By Henry Fu
In prepping, learn from real-life failures disasters planning and develop for yourself what I call the Flexible Prepping Approach (FPA). My work in risk management for corporations has exposed how one-dimensional disaster planning results in catastrophic failure. Here are some examples of one-dimensional planning at some of the most sophisticated organizations and how that led to spectacular failure when the disaster plans were called into action. Also, taking these lessons to heart and developing an FPA in your planning.
First and foremost example is that of the Fukushima nuclear power plant run by Tokyo Electric in Japan. The region is known for earthquakes, typhoons, and tsunamis. Tokyo Electric took each one of these natural disaster scenarios and built robust structures designed to withstand each individual disaster. The plant was built to withstand extremely strong earthquakes and typhoons. In case of power issues at the plant, backup generators were built to support the plant and its systems should the nuclear reactor become damaged.
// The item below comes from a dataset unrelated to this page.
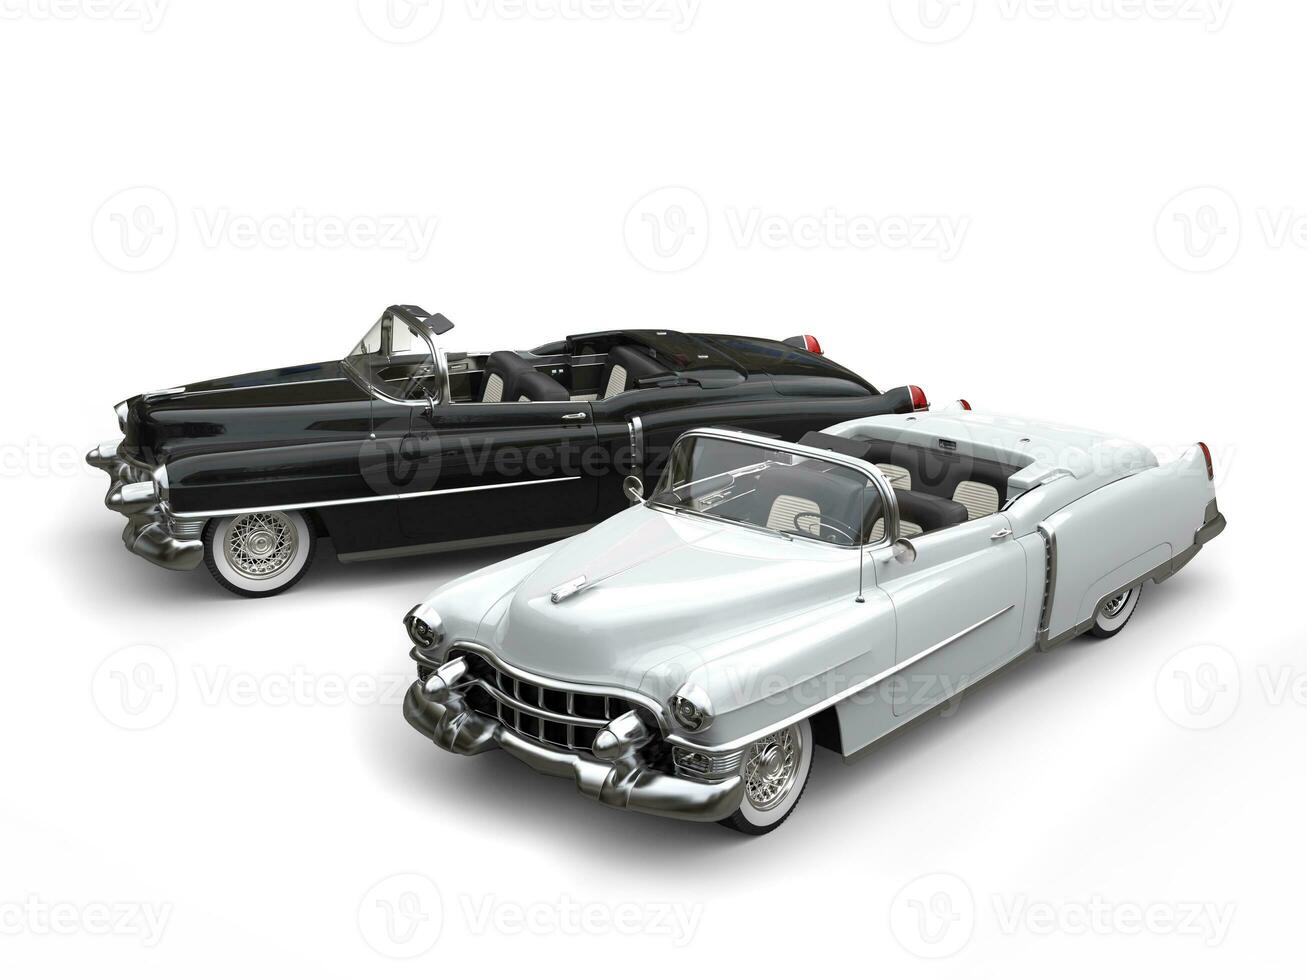 dois impressionante Preto e branco vintage carros - topo Visão foto

A sea wall was also built to protect the plant from tsunamis as it was located next to the sea. On the surface, every disaster seemed to be covered in their planning and incorporated into plant construction. When the big earthquake hit Japan, the plant survived the tremors as designed and backup generators kicked in to support the plant as the reactors were being shut down. Unfortunately, a tsunami of immense proportions was also generated by the earthquake and though the plant survived the tsunami itself, the water flooded the generators and the reactors went into meltdown when control systems were lost. The final result was plant explosions in the reactor buildings, massive radiation leaks and untold damage to the environment that will last for generations.
Closer to home, when Hurricane Sandy hit the New York City area it caused widespread damage and business disruptions despite disaster backup planning and backup power in most modern buildings. What wasn’t anticipated was in many cases, generators were located on ground or basement elevations and became flooded. Even those generators that survived the flooding unscathed, generator fuel ran out quickly within hours and there was no easy way to get more with local infrastructure damaged. Normal business operations in many cases could not be restored for months. Corporations learned the hard way that one dimensional disaster planning will not survive the actual disaster.
During Sandy, we relocated key personnel to our company’s backup site located 18 miles away from our headquarters. The headquarters building is located in a vulnerable spot on the Baltimore waterfront. Lucky for us, Baltimore did not get the direct hit. However, if it had the offsite location would not likely have been an effective location to operate from as its generator runs on diesel and fuel supplies would be disrupted in an area-wide disaster. We would lose power in a day making the backup site ineffective.
The point here is having a one-dimensional plan for emergencies and disasters is shortsighted and creates an unfounded sense of confidence. Transferring this idea to prepping, let’s say you spent all your effort and money on a bug-out location with food, water, and enough supplies to last you and your family a couple of years. However, when an emergency unfolds it becomes impossible to get to your bug-out location or perhaps the event will engulf your home as well as your backup site. All the effort and money spent on the site has been wasted and you are no more prepared than the guy next door.
Using an flexible approach to prepping means preparing for multiple scenarios and avoiding a one-solution approach for all situations. Each prepping solution you rely upon should each have the ability to address multiple scenarios. This also means not concentrating all your preps in one basket. What is the point of preparing for one type of event when you get hit with some other disaster. Be flexible in your approach, have multiple preps based upon a risk assessment of all the scenarios that may be applicable to your situation. I other words, I wouldn’t necessarily prepare of a tsunami in Arizona but there are plenty of survival scenarios you may run into in a desert.